Information provided Start Marker

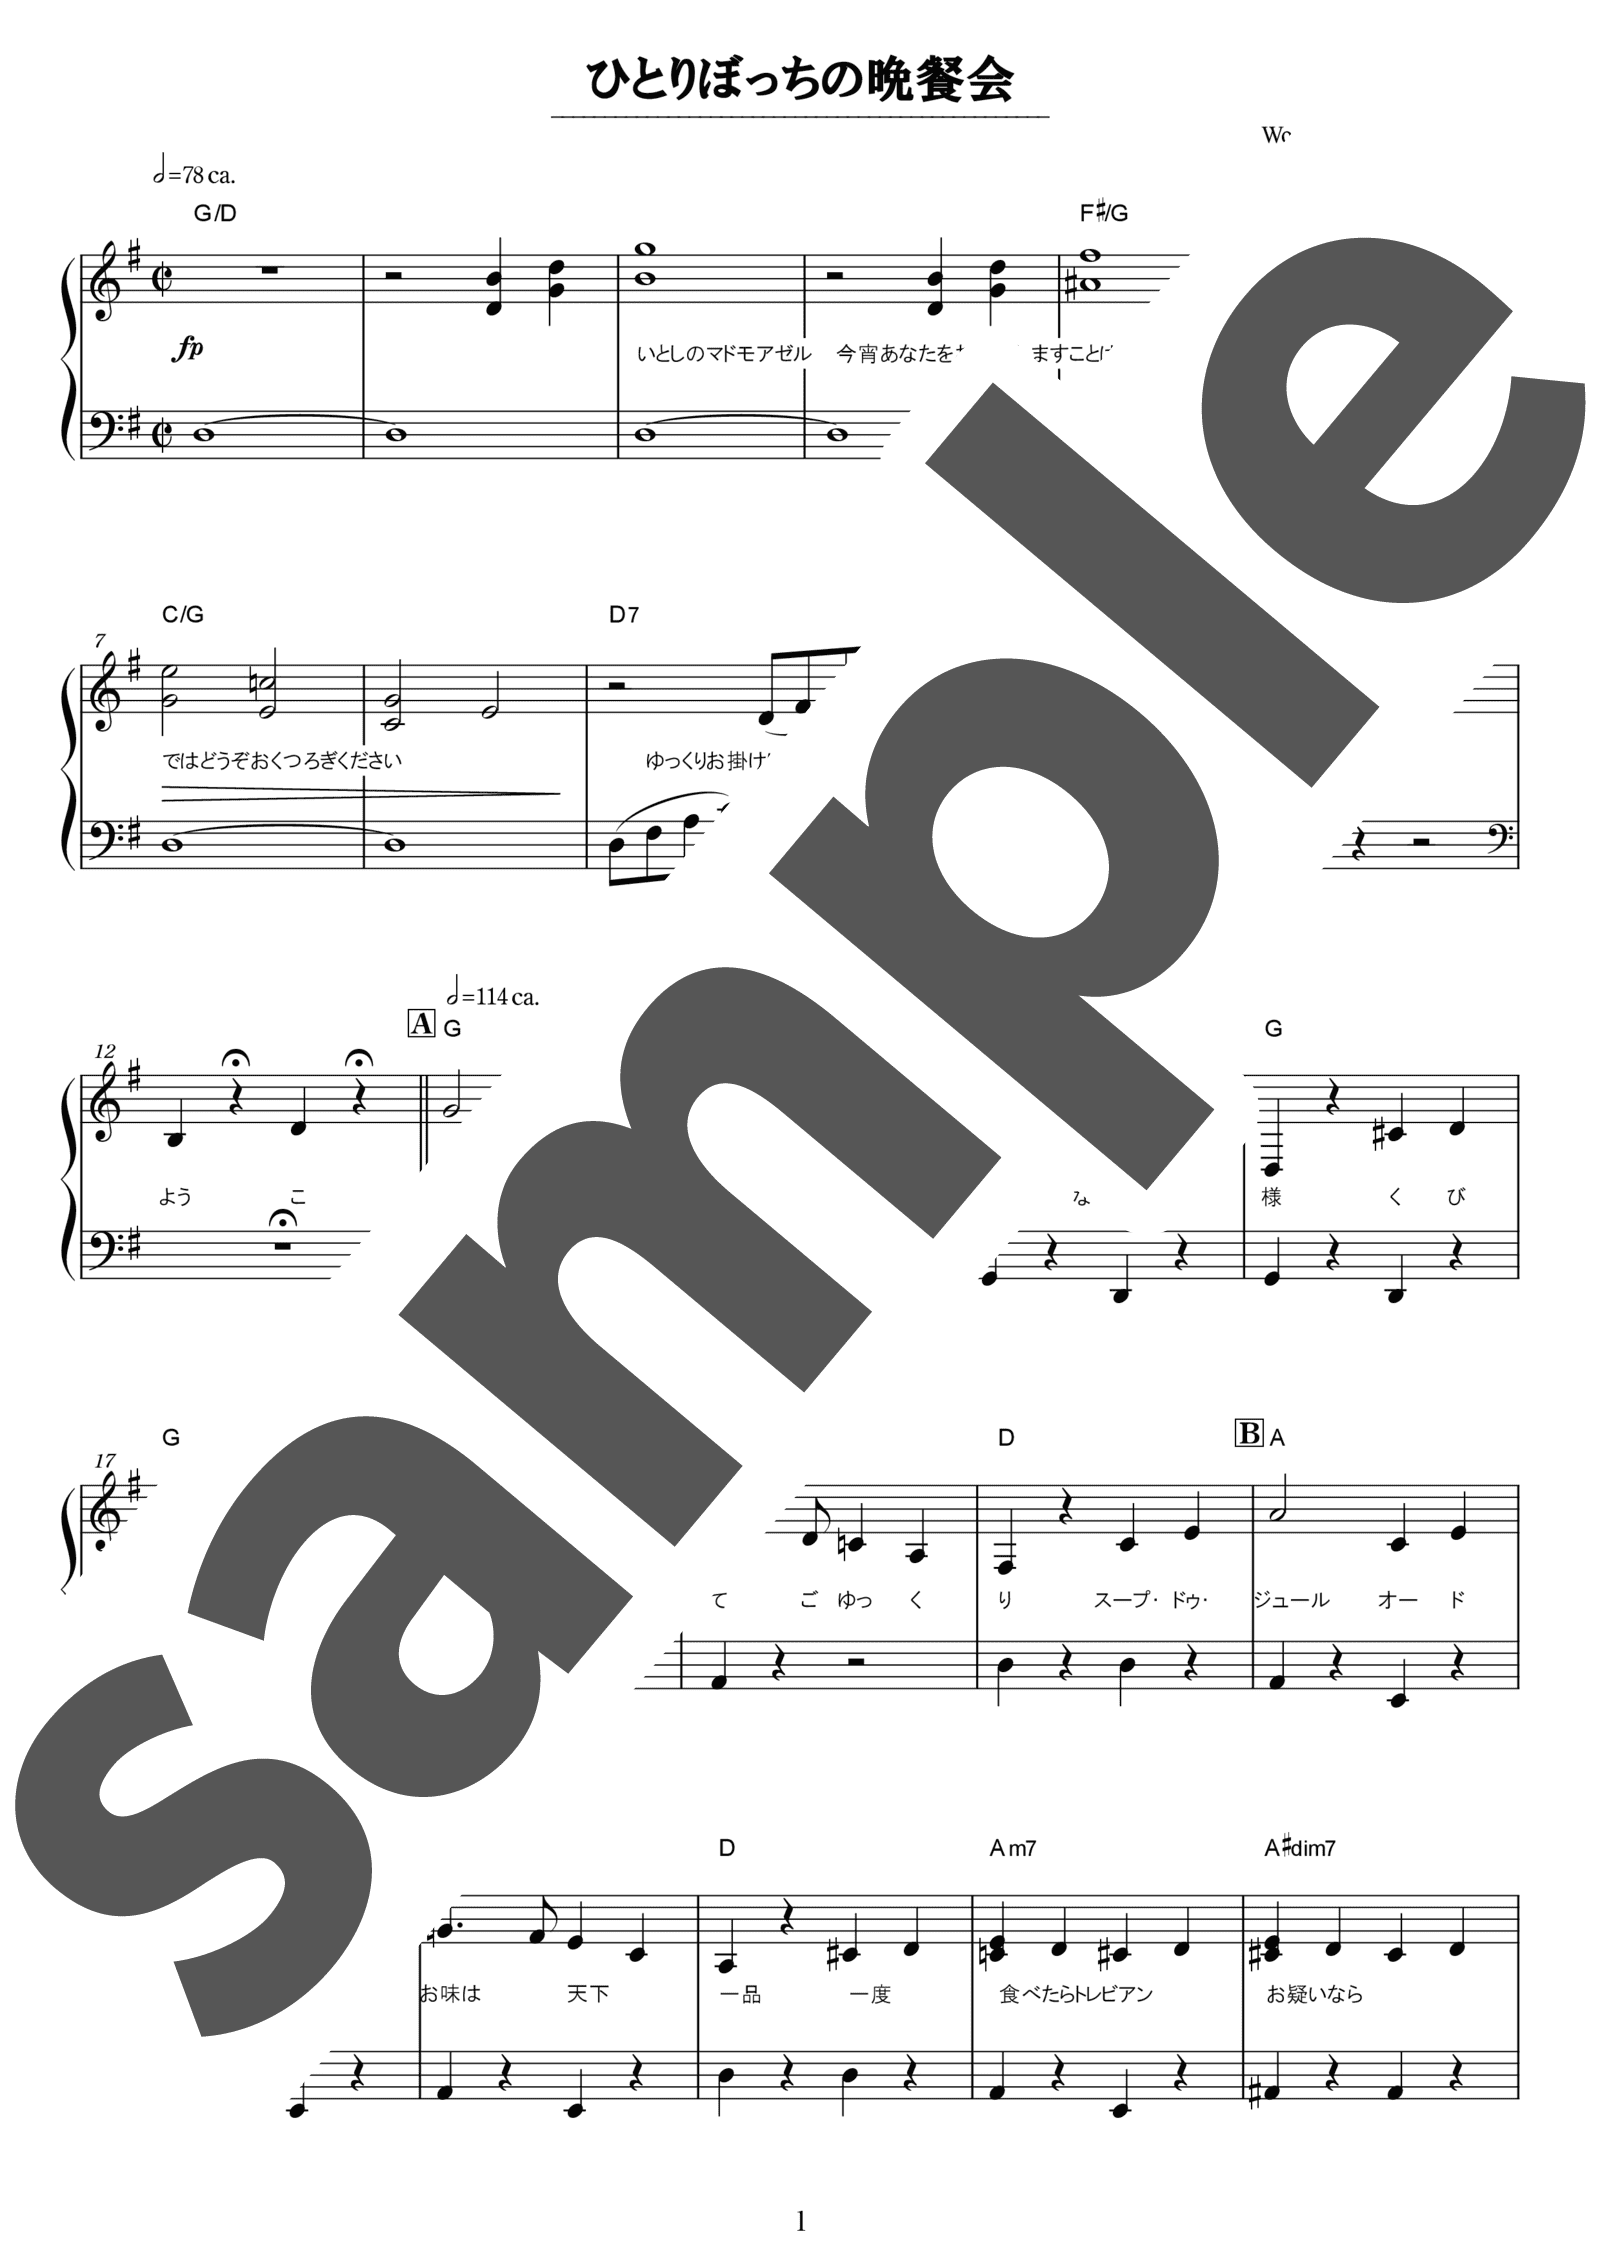 「ひとりぼっちの晩餐会」のサンプル楽譜
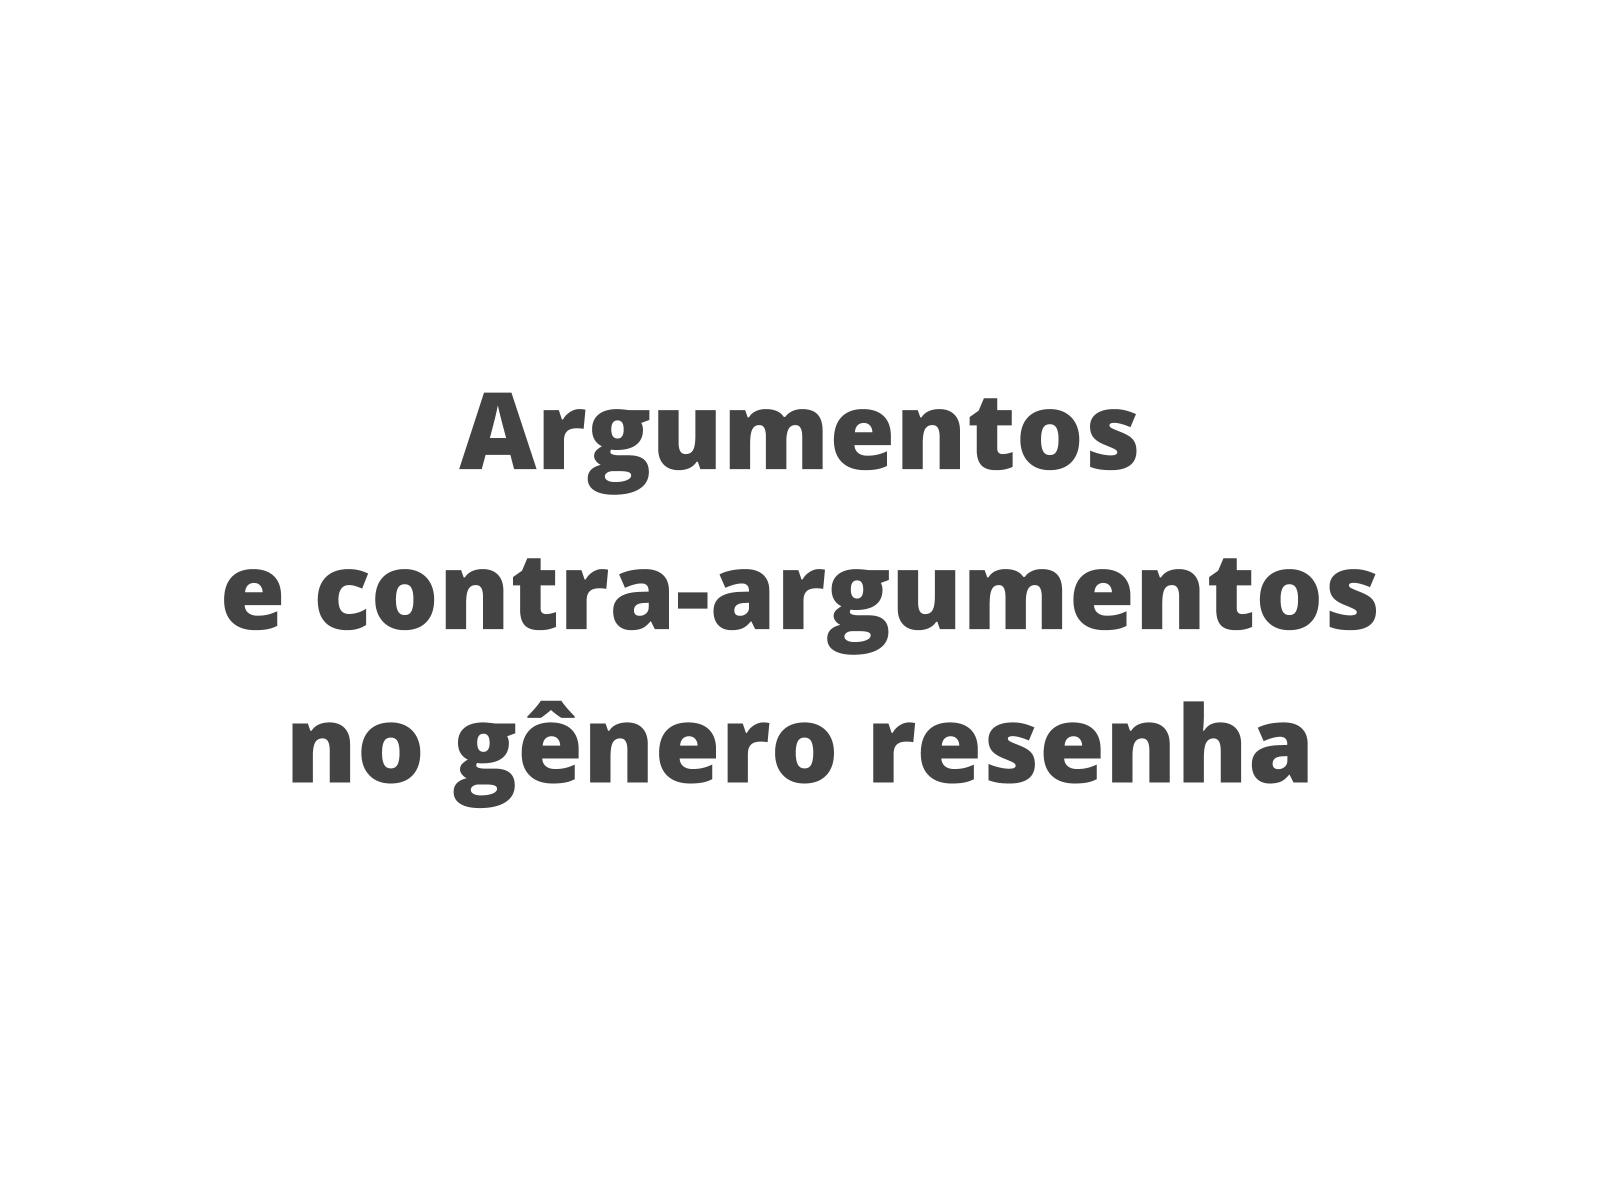 Argumentos e contra-argumentos no gênero resenha
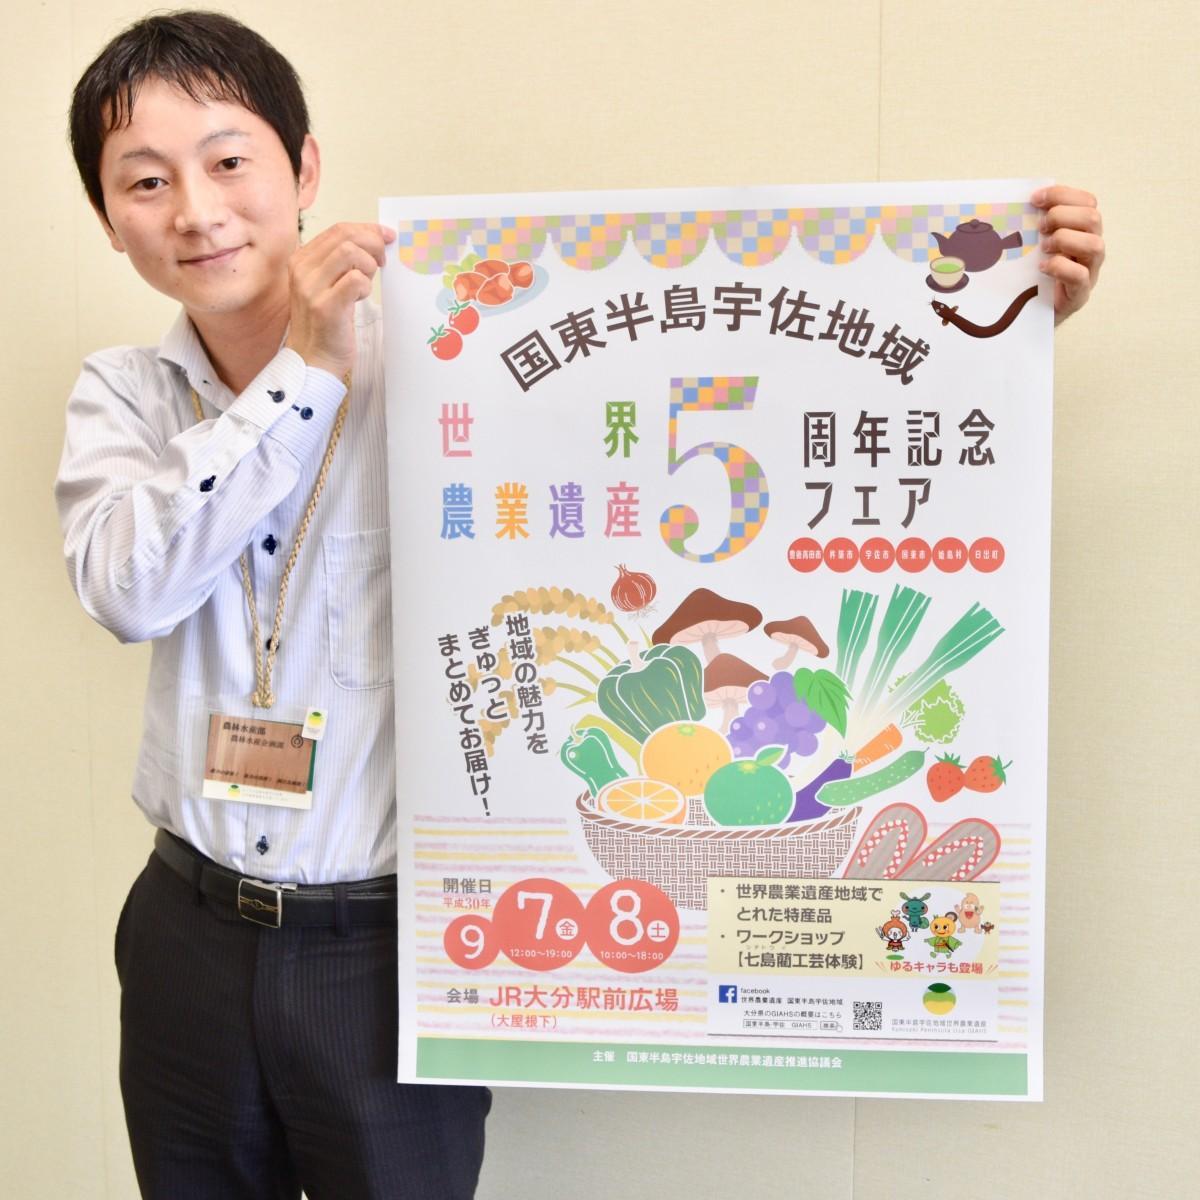 世界農業遺産5周年記念フェアのポスター

Information provided End Marker

● What you should do
Without including any pictures, copy every line above exactly.

● Solution for this task
 「ひとりぼっちの晩餐会」のサンプル楽譜
 Argumentos e contra-argumentos no gênero resenha
 世界農業遺産5周年記念フェアのポスター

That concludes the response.